Which has better profit margins — PASG or RARE or KO?

The Coca-Cola Company (KO) is the more profitable company, earning 27.

3% net margin versus -85. 4% for Ultragenyx Pharmaceutical Inc. — meaning it keeps 27. 3% of every revenue dollar as bottom-line profit. Operating margin tells a similar story: KO leads at 28. 7% versus -79. 5% for RARE. At the gross margin level — before operating expenses — RARE leads at 83. 8%, reflecting greater pricing power or product mix advantage. Stronger margins indicate durable pricing power, lower cost of revenue, or higher mix of software/services. They are one of the clearest signs of business quality.

06

Is PASG or RARE or KO more undervalued right now?

Analyst consensus price targets imply the most upside for RARE: 76.

2% to $48. 36.

07

Which pays a better dividend — PASG or RARE or KO?

In this comparison, KO (2.

6% yield) pays a dividend. PASG, RARE do not pay a meaningful dividend and should not be held primarily for income.

08

Is PASG or RARE or KO better for a retirement portfolio?
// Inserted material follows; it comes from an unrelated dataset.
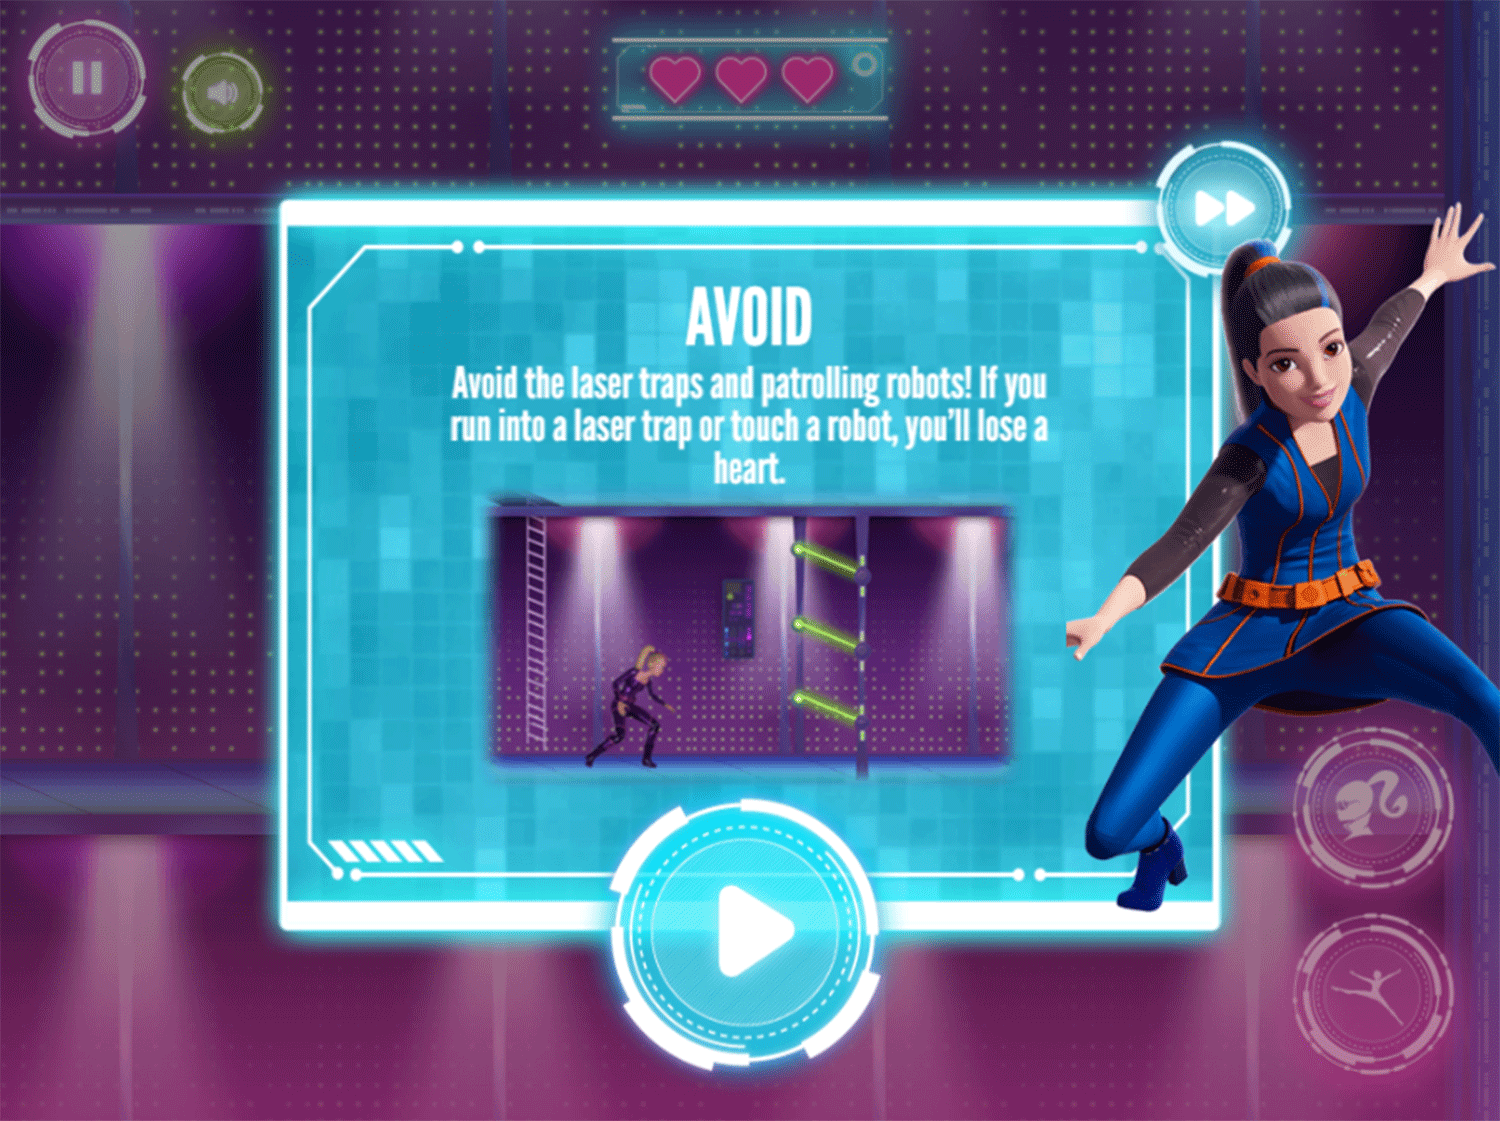 Barbie Spy Squad Academy Game Laser Sneaking Instructions Screenshot.

For long-horizon retirement investors, The Coca-Cola Company (KO) is the stronger choice — it scores higher on the combination of lower volatility, dividend reliability, and long-term compounding (low volatility (β -0.

23), 2. 6% yield, +115. 0% 10Y return). Passage Bio, Inc. (PASG) carries a higher beta of 3. 30 — meaning larger drawdowns in market downturns, which matters significantly when you cannot wait years for a recovery. Both have compounded well over 10 years (KO: +115. 0%, PASG: -98. 7%), confirming both are viable long-term holds — but the lower-volatility option typically results in less emotional selling during corrections. Retirement portfolios generally favour predictability over maximum returns. Consult a financial advisor before making allocation decisions.

09

What are the main differences between PASG and RARE and KO?

These companies operate in different sectors (PASG (Healthcare) and RARE (Healthcare) and KO (Consumer Defensive)), which means they face different economic cycles, regulatory environments, and macro sensitivities — making direct comparison nuanced.

In terms of investment character: PASG is a small-cap quality compounder stock; RARE is a small-cap high-growth stock; KO is a large-cap quality compounder stock. KO pays a dividend while PASG, RARE do not, making them suitable for different income and tax situations. These fundamental differences mean investors should not choose between them on a single metric — the "better stock" depends entirely on which of these characteristics aligns with your investment strategy.